Arres­ta­tion ! Juge­ment ! Condamnation.

Je suis trop enne­mi de, ces choses pour vous les narrer.

Mais, sans fiel et sans haine, froi­de­ment, je vous livre­rai cette réflexion faite par Sou­caille à son juge d’ins­truc­tion : « Si ça n’a­vait pas été moi, l’homme caché sous le buis­son de ronces ? Quand ils ont com­men­cé à tirer, ils ne savaient pas sur qui. ».….  : « S’ils avaient pu en fusiller un autre ! »

L’as­sas­sin est un livre qui ne peut nous lais­ser indif­fé­rent ; il effleure le pro­blème si angois­sant des Res­pon­sa­bi­li­tés. Si Mau­rice Gene­voix se lais­sa prendre au jeu ten­tant d’un « rous­seauisme » qui flatte l’al­truisme : ce rem­part de la sen­si­ble­rie ; si M. le Dr Mau­rice de Fleu­ry se plaît à nous dire en par­lant de Soucaille :

« S’il est un grand per­vers, un cruel né, nous savons bien qu’il ne sau­rait être tenu pour mora­le­ment res­pon­sable d’être venu au monde doué d’ins­tincts car­nas­siers ; nous le savons, nous en souf­frons. Mais ce n’est pas uni­que­ment par lâche­té et bas­sesse d’âme que nous vou­lons le mettre hors-d’é­tat de nuire une fois pour toutes : c’est parce, que nous le savons presque fata­le­ment réci­di­viste pour peu que Dieu lui prête vie. [[Dr Mau­rice de Fleu­ry, Les Nou­velles Lit­té­raires (4 – 10-30).]] » ; je me sens qua­si­ment obli­gé d’ajouter :

— Gestes qui peuvent sem­bler beaux que ceux faits par le Dr Cha­bert — homme qui trouve encore le moyen de res­pec­ter le secret pro­fes­sion­nel ; par ce juge d’ins­truc­tion qui, sur le tard, apprend à se juger lui-même, mais qui n’est ni assez fort ni assez logique, pour se dres­ser net­te­ment contre les pro­cé­dés dont le seul résul­tat est d’empirer le mal ; paroles géné­reuses mais com­bien fra­giles que celles lan­cées — sur la grande foire — par cet avo­cat, qui se laisse trop faci­le­ment cajo­ler par une socio­lo­gie char­meuse et trom­peuse ; confiance très dis­cu­table que celle qui mène le train dans le livre de Mau­rice Gene­voix ; réflexions sen­sées mais impar­faites, par ce que — (peut-être !) — sug­gé­rées, par trop de dilet­tan­tisme, que celles jetées dans la mêlée par le Dr Mau­rice de Fleu­ry. Le tout : remèdes inef­fi­caces, parce que ne tou­chant point le mal à sa racine.
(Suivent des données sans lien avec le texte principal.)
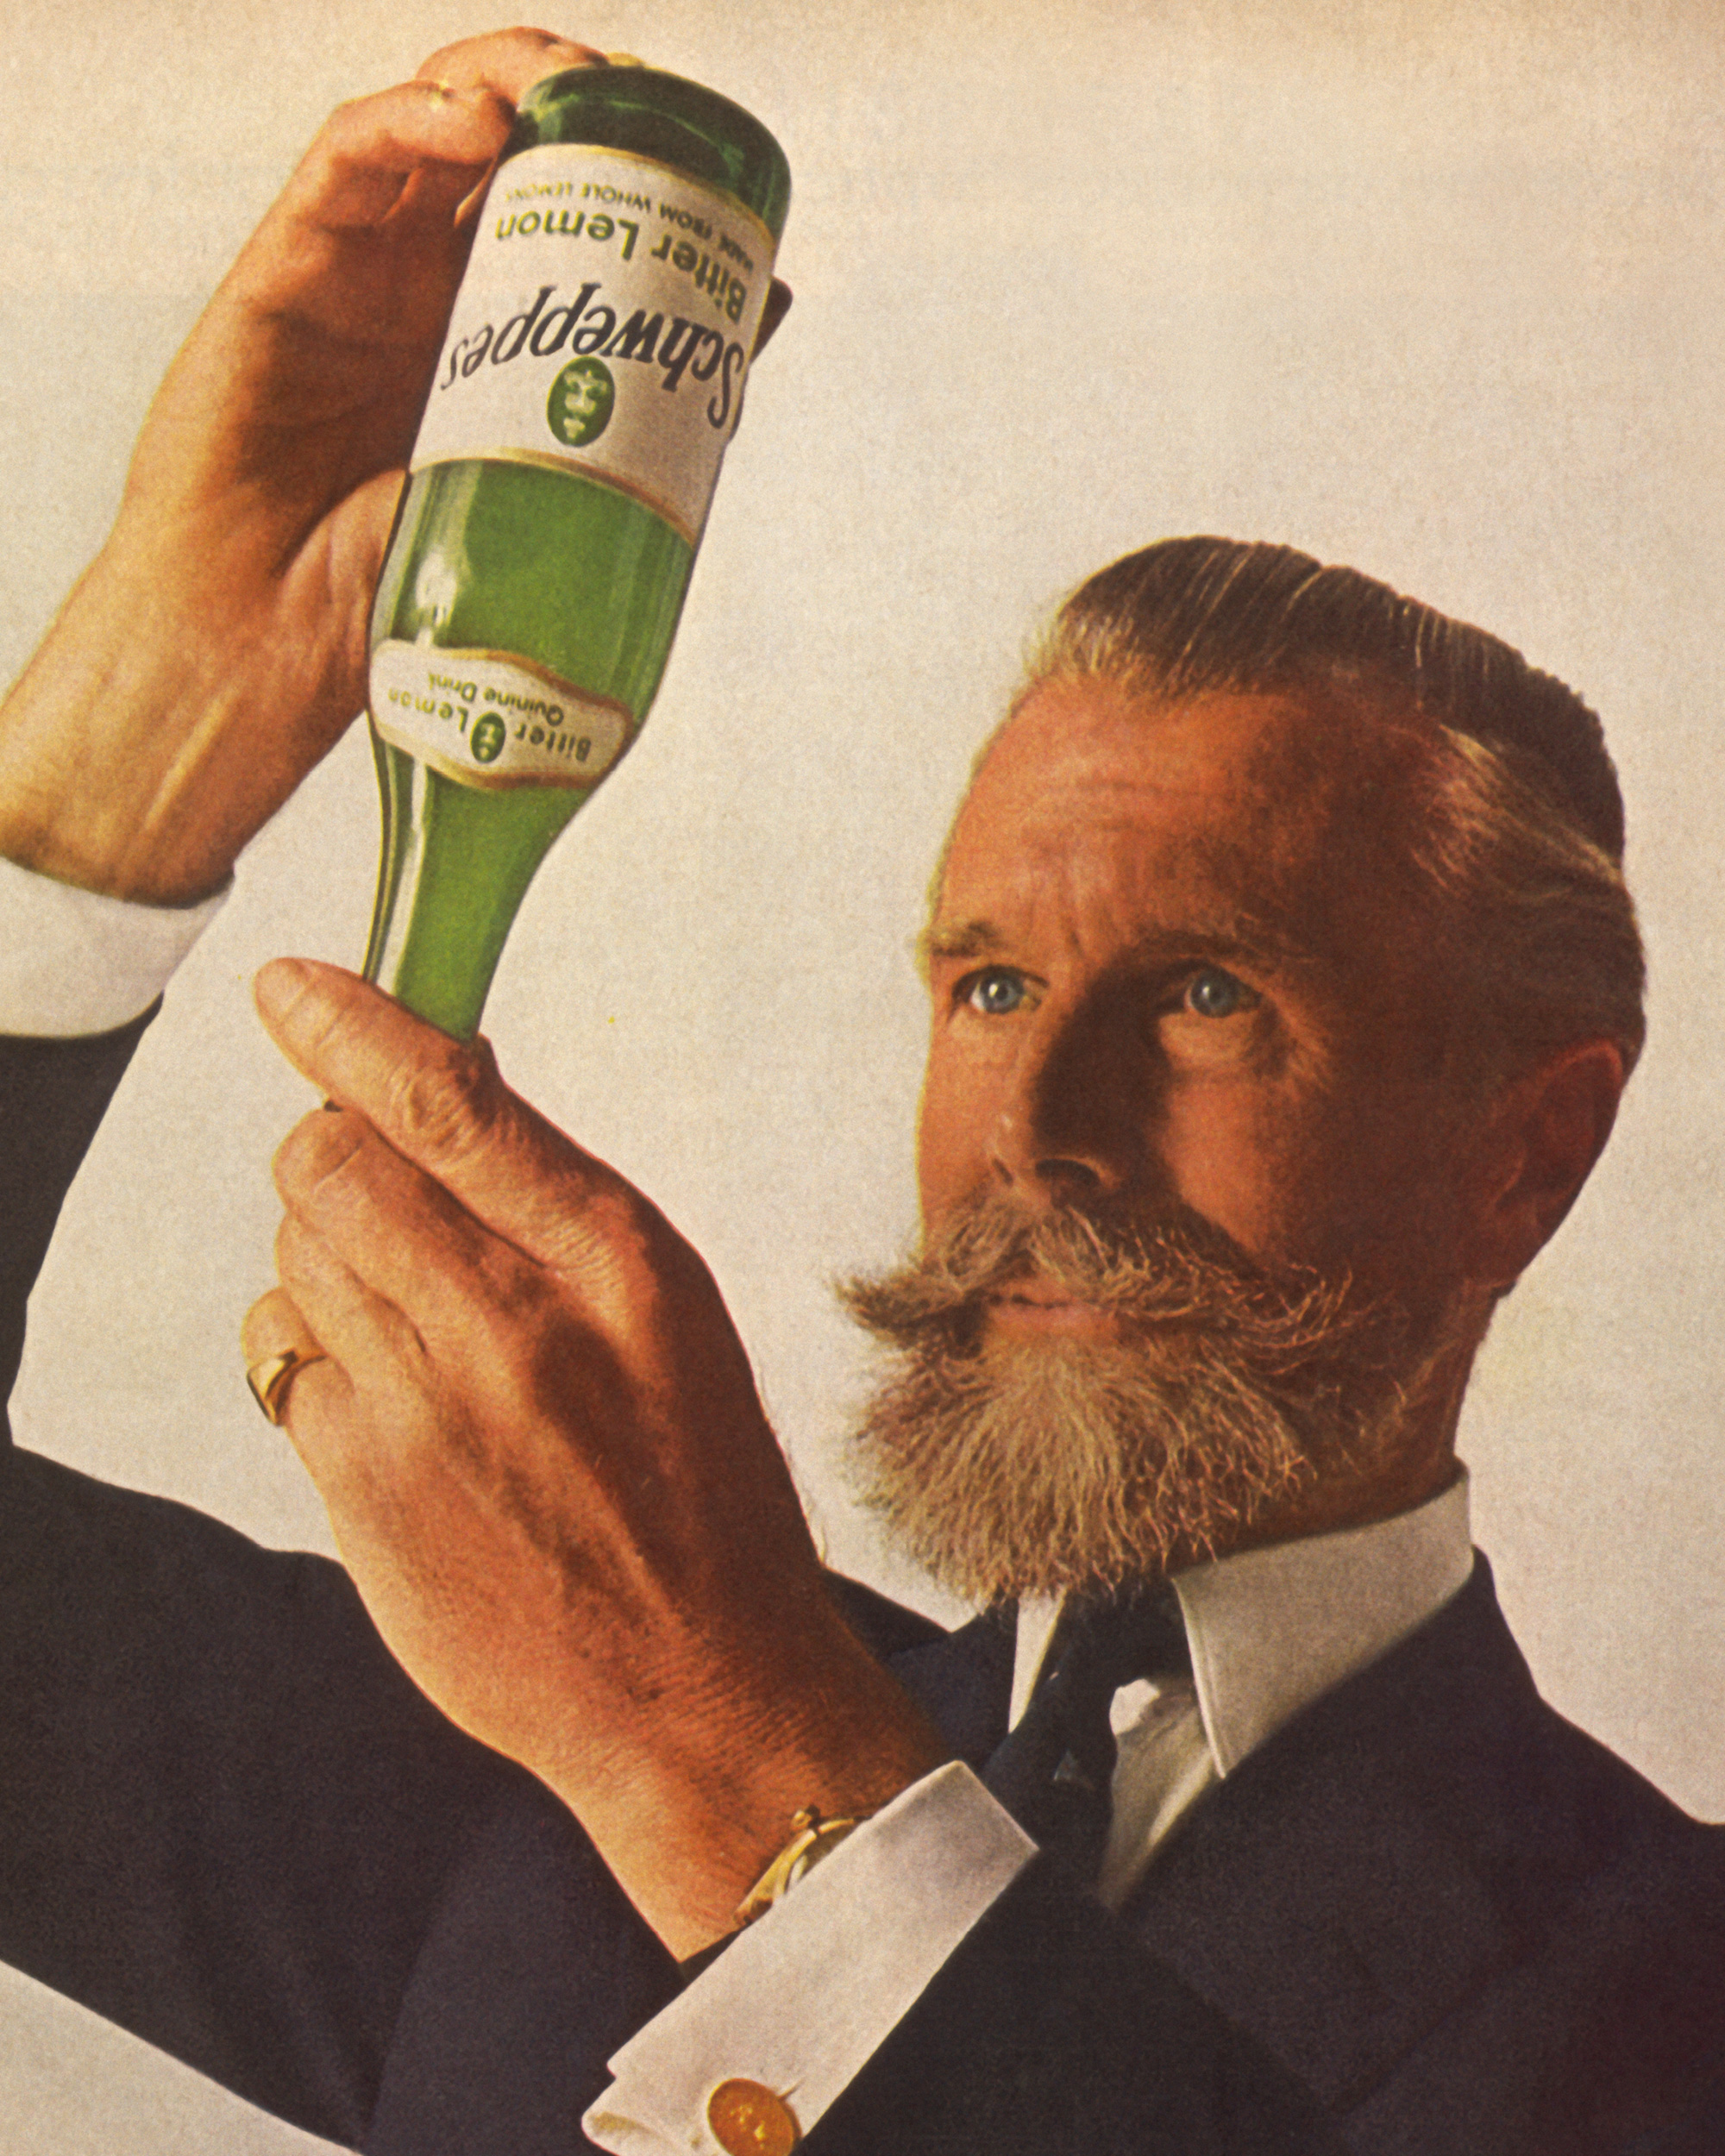 A June 11th nineteen sixty-five Schweppes ad in Time magazine. The ad depicts the president of the company, “Commander Whitehead,” inspecting the bubbles in a bottle of Schweppes bitter lemon.

S’il est indis­cu­table que ce Sou­caille serait nocif aus­si pour ceux qui savent, par gran­deur et digni­té, se situer hors les clans des com­man­deurs et des obéis­seurs : tel­le­ment qu’il leur fau­drait se pré­mu­nir contre les dan­gers qui éma­ne­raient de la nature natu­rante ; il faut oser aller jus­qu’au bout de la pen­sée qui nous agite quand il nous arrive de cher­cher à phi­lo­so­pher afin d’être à la hau­teur de notre tâche en recon­nais­sant com­bien est néfaste, pour l’é­pa­nouis­se­ment indi­vi­duel, ce Milieu trop étroit et trop vicié pour l’être bien sen­tant et bien pen­sant — (ceci en dehors des Morales : ces choses com­munes et fausses.)

Je n’ai pas trou­vé la lumière qui m’au­rait mon­tré la vaillance se pro­me­nant au bras de la plus fer­vente des géné­ro­si­tés j’ai vu, par ci par là, quelques tisons qui se consu­maient sans avoir four­ni l’é­tin­celle qui vien­drait allu­mer le feu de l’espoir.
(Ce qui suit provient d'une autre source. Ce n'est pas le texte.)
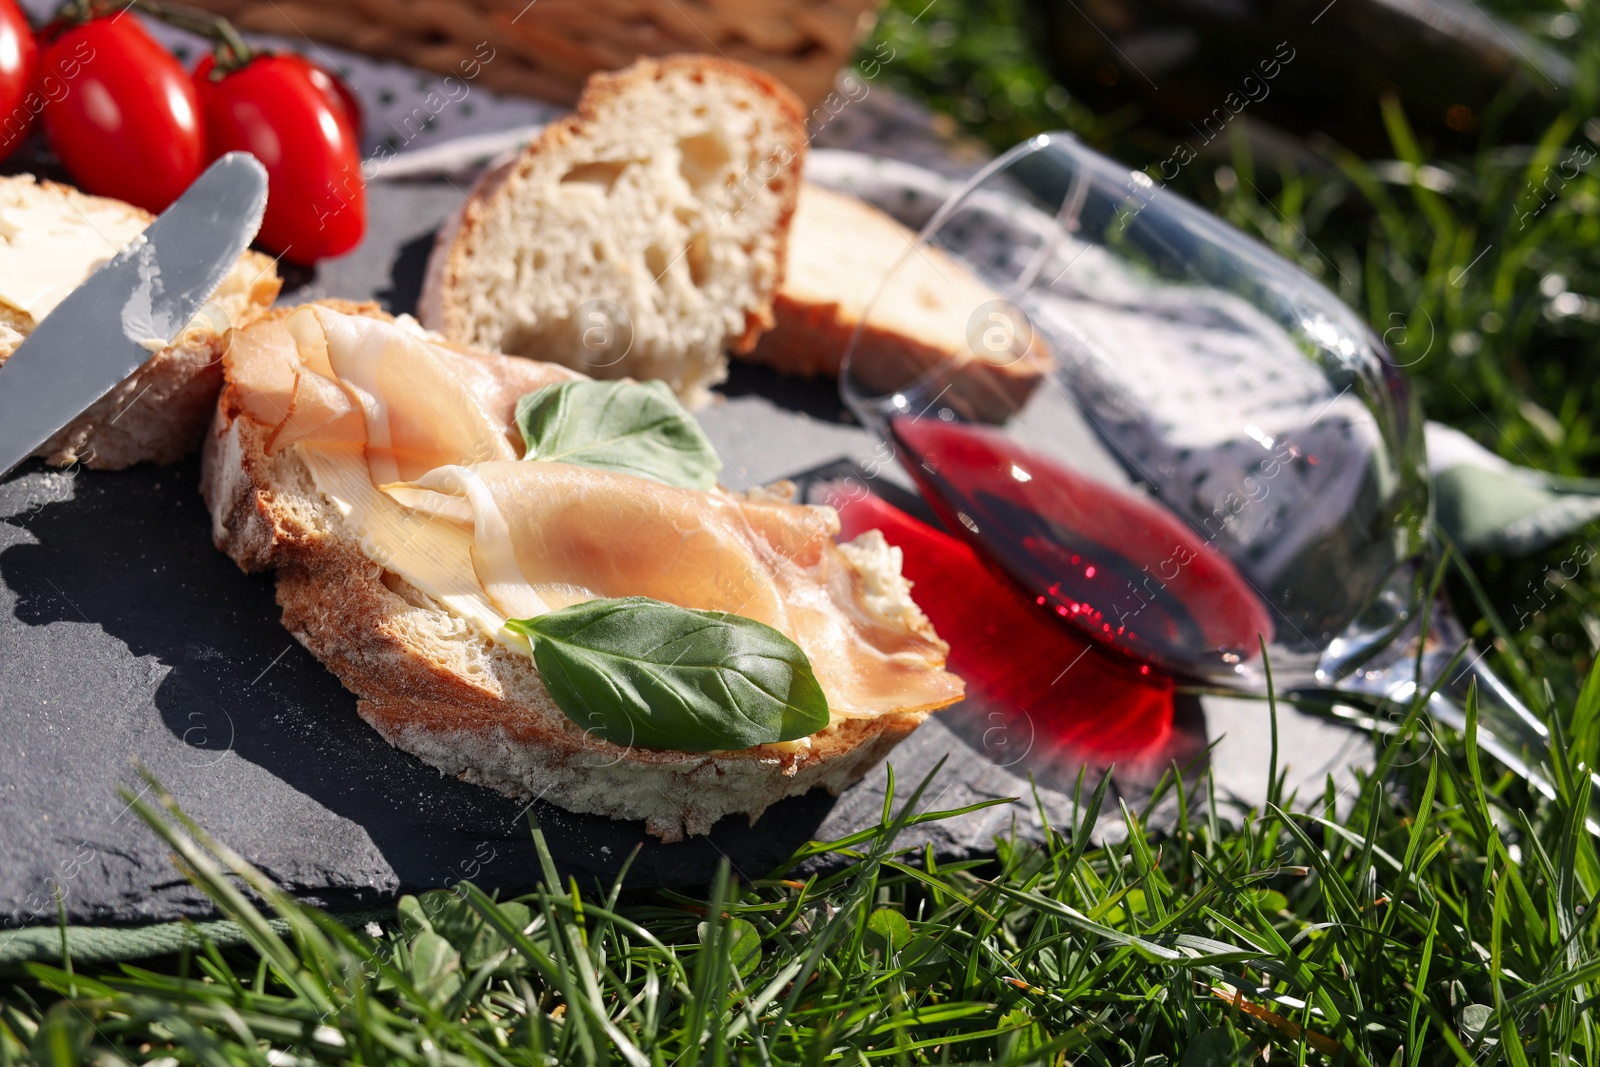 Photo of Blanket with wine and snacks for picnic on green grass, closeup

Puis-je en vou­loir à l’homme qui s’es­saya au désir, de bien faire ?

Non !… mais j’ai bien le droit de conser­ver mes exigences.
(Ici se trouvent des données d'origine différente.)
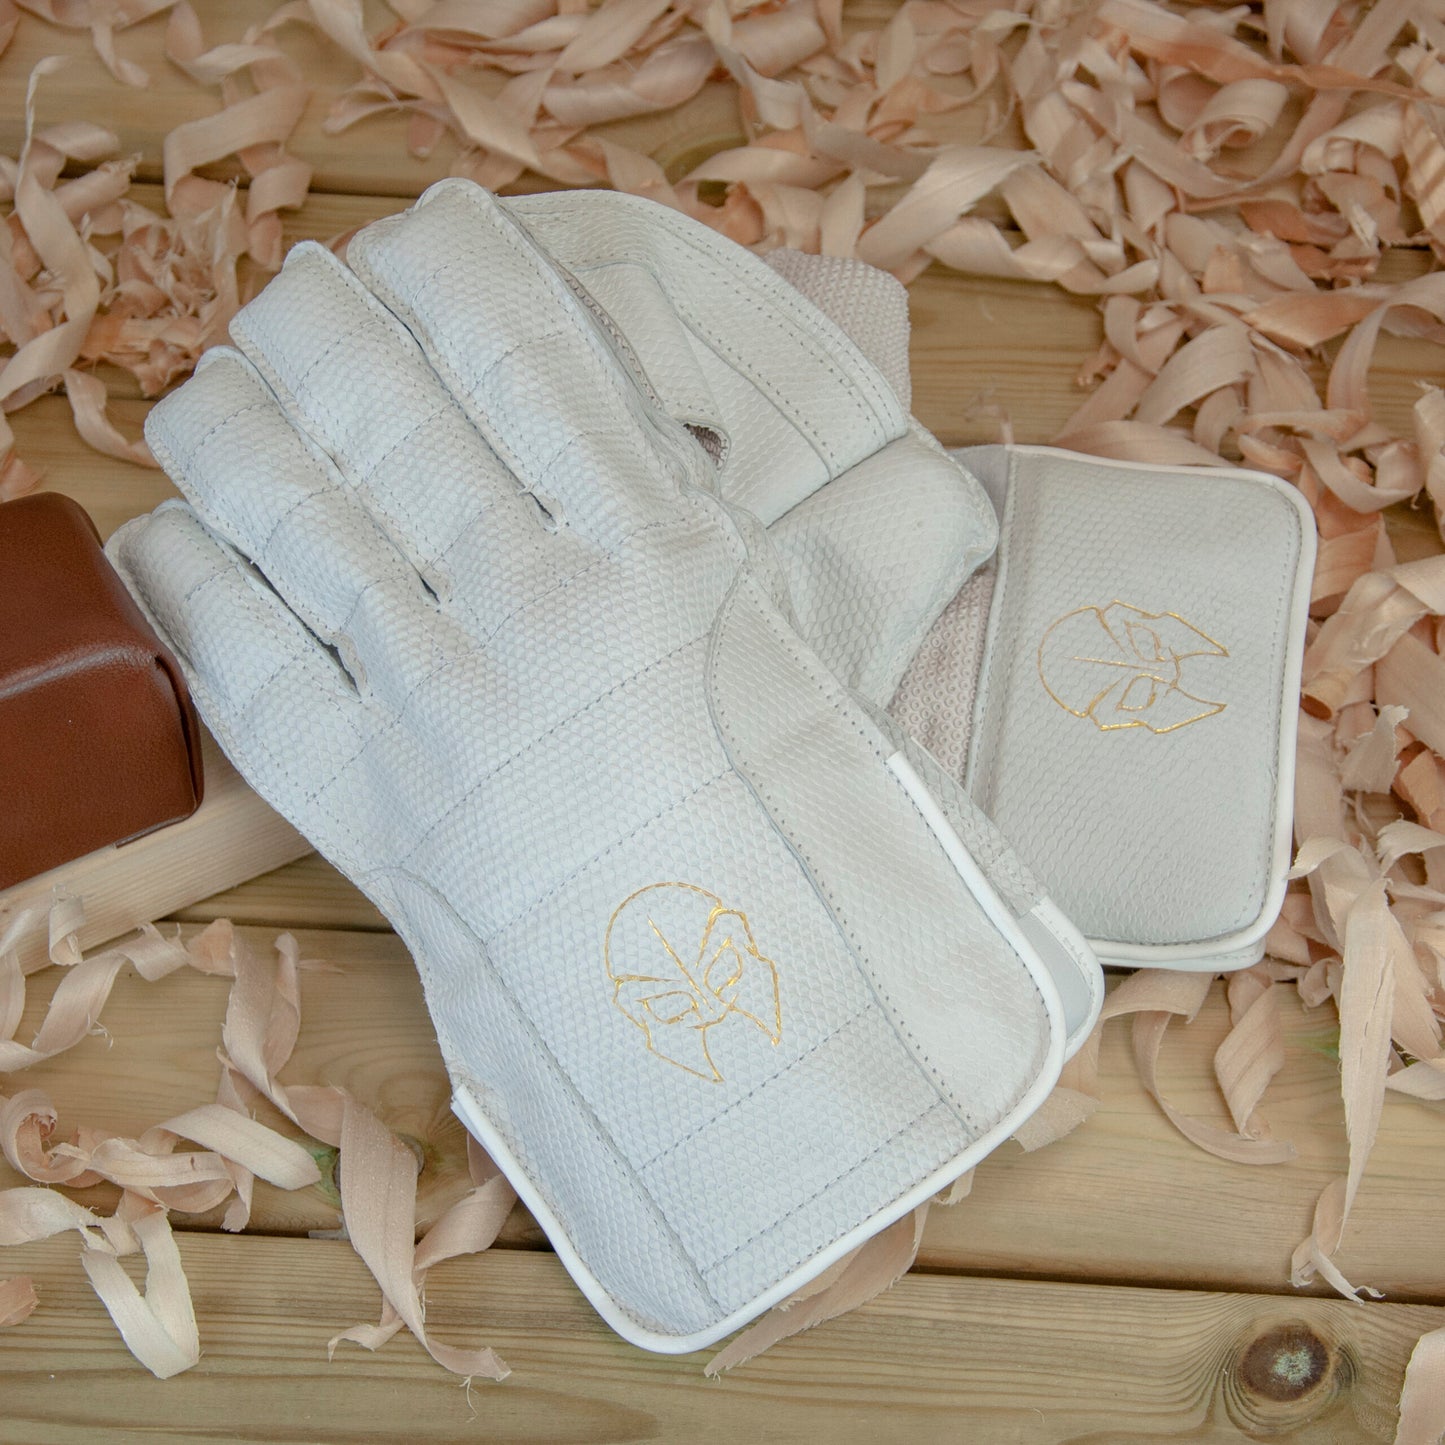 Limited WK Gloves

L’ou­vrage de Mau­ri­çe Gene­voix se prête aisé­ment à la curio­si­té du lec­teur, parce qu’il pos­sède tous les charmes qui savent empoi­gner les grands amou­reux du style simple et clair. Sans embar­ras et sans aucune pré­ten­tion, le roman­cier — qui dépasse dé beau­coup le pen­seur — vous brosse quelques traits d’une façon de maître.

Puisse, dans son œuvre pro­chaine, Mau­rice Gene­voix, fouiller plus pro­fon­dé­ment la ques­tion qui tente de se pré­ci­ser dans L’As­sas­sin et qui nous inté­resse tant.